2022-04-13 Thread Sergey Korotkov (Jira)


 [ 
https://issues.apache.org/jira/browse/IGNITE-16843?page=com.atlassian.jira.plugin.system.issuetabpanels:all-tabpanel
 ]

Sergey Korotkov updated IGNITE-16843:
-
Description: 
In usecases with several active thin clients producing noticable load to 
cluster new thin clients can fail to connect with the 
*"ClientConnectionException: Channel is closed"* error in the 
*TcpClientChannel::handshake()* method.

On server side warning *"Unable to perform handshake within timeout 
[timeout=1"* is logged.

The problem can be easily reproduced by several large putAlls invoked in 
parallel from several or single thin client.  Espesially for the TRANSACTIONAL 
caches.  But ATOMIC caches are also affected - the only difference is that for 
ATOMIC caches more parallelizm factor and larger batches for putAlls are needed.

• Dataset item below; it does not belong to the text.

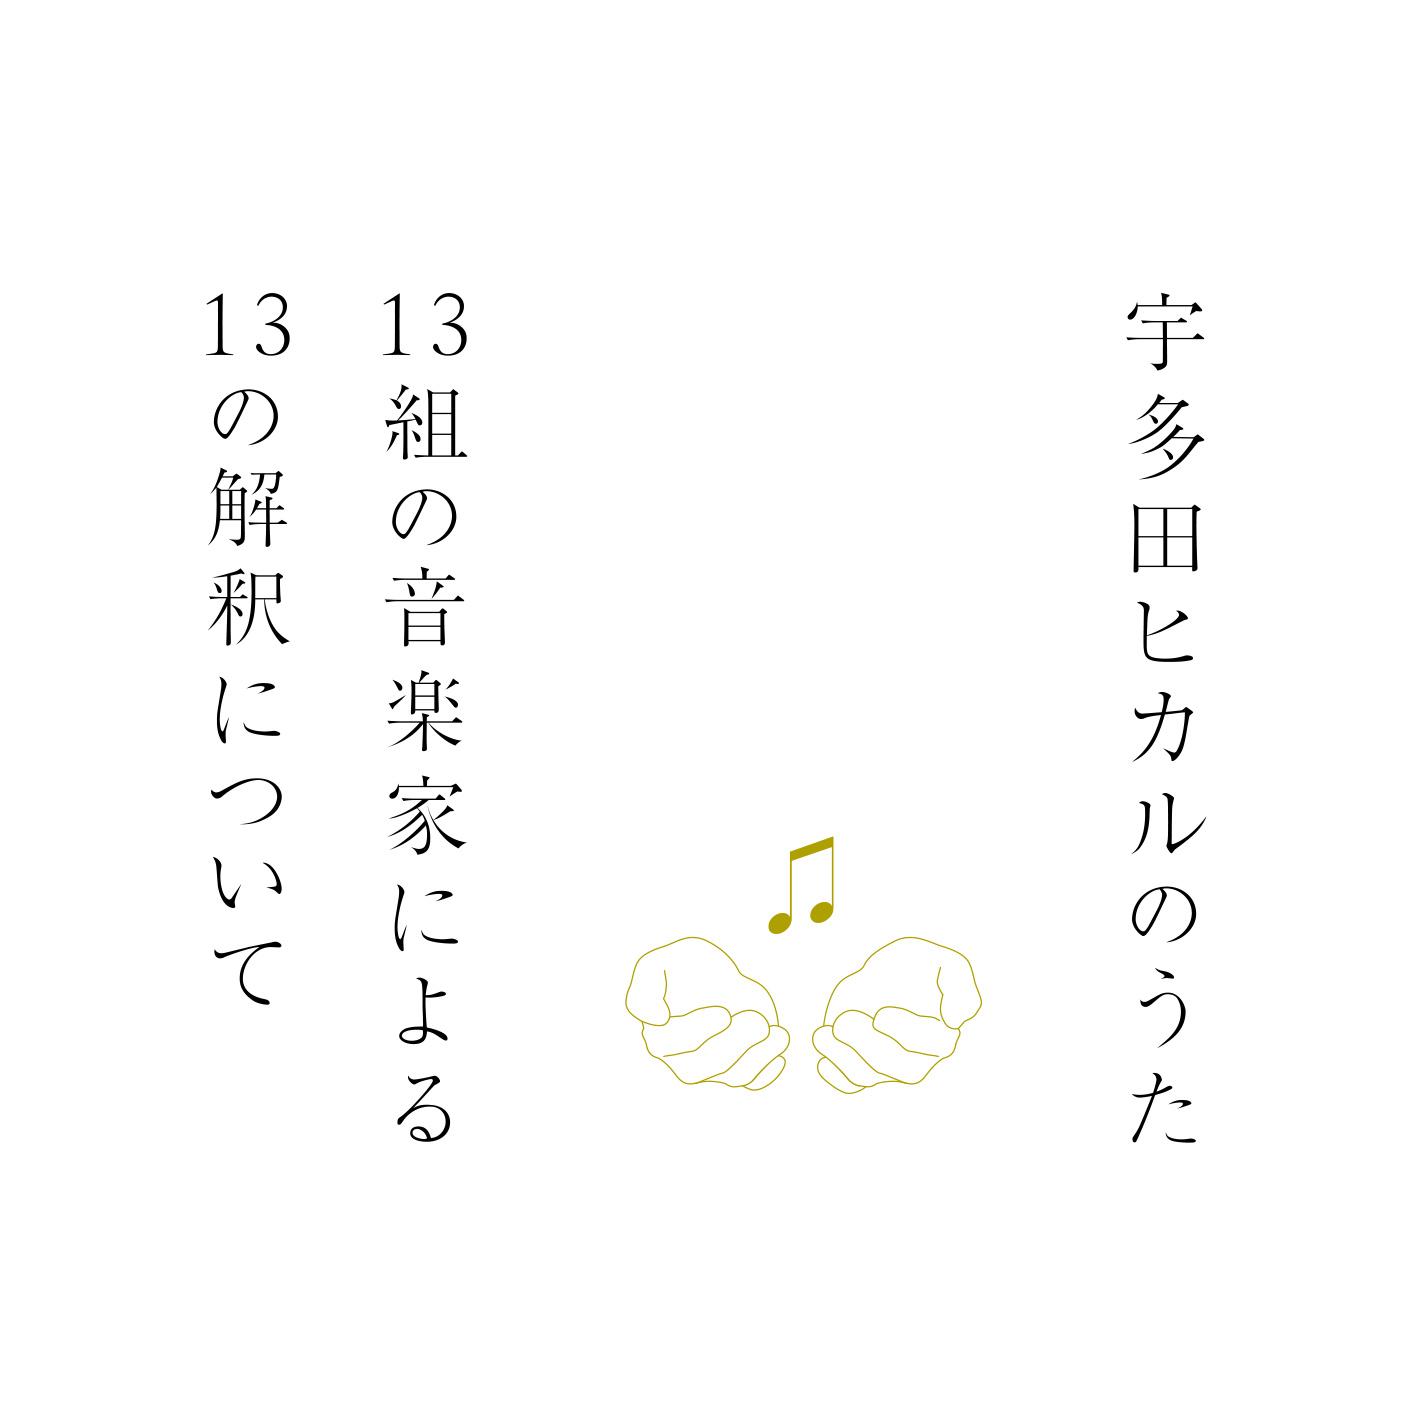 宇多田ヒカルのうた_141101

The reason of the problem is a fact that a single queue is used in the ignite 
node to serve all thin client related requests (queue in the 
{_}GridThinClientExecutor{_}). Both working requests like _putAll_ and control 
ones like _handshake_ which are used for connection establishment. 

Working requests can live indefenitely in a queue (or at least longer then 
{_}handshake{_}).  On the other hand a special watchdog timer is scheduled in 
the ignite node to check if a _handshake_ request is processed in a timely 
manner ({_}ClientListenerNioListener::scheduleHandshakeTimeout{_}).  By default 
the 10 seconds timeout is used 
({_}ClientConnectorConfiguration::handshakeTimeout{_}). If timeout expires the 
client session is closed forcibly.

So, if one or several thin clients fill queue with long operations new clients 
can not connect. 

The real usecase reveals the problem is as follows.
 * 4 nodes cluster, 64 cpu, 32Gb heap, 512Gb off-heap  each
 * One TRANSACTIONAL cache with backups=1
 * About 30Gb of data on each node
 * Several (upto 70-100 at the same time) thin clients loading data using 
putAlls in 5 records batches. Client connects, loads 3 batches and 
disconnects (spark jobs in fact).
 * Default handshakeTimeout (10 secs) and threadPoolSize(8) in 
ClientConnectorConfiguration



Two ducktests were created to reproduce and isolate  the problem.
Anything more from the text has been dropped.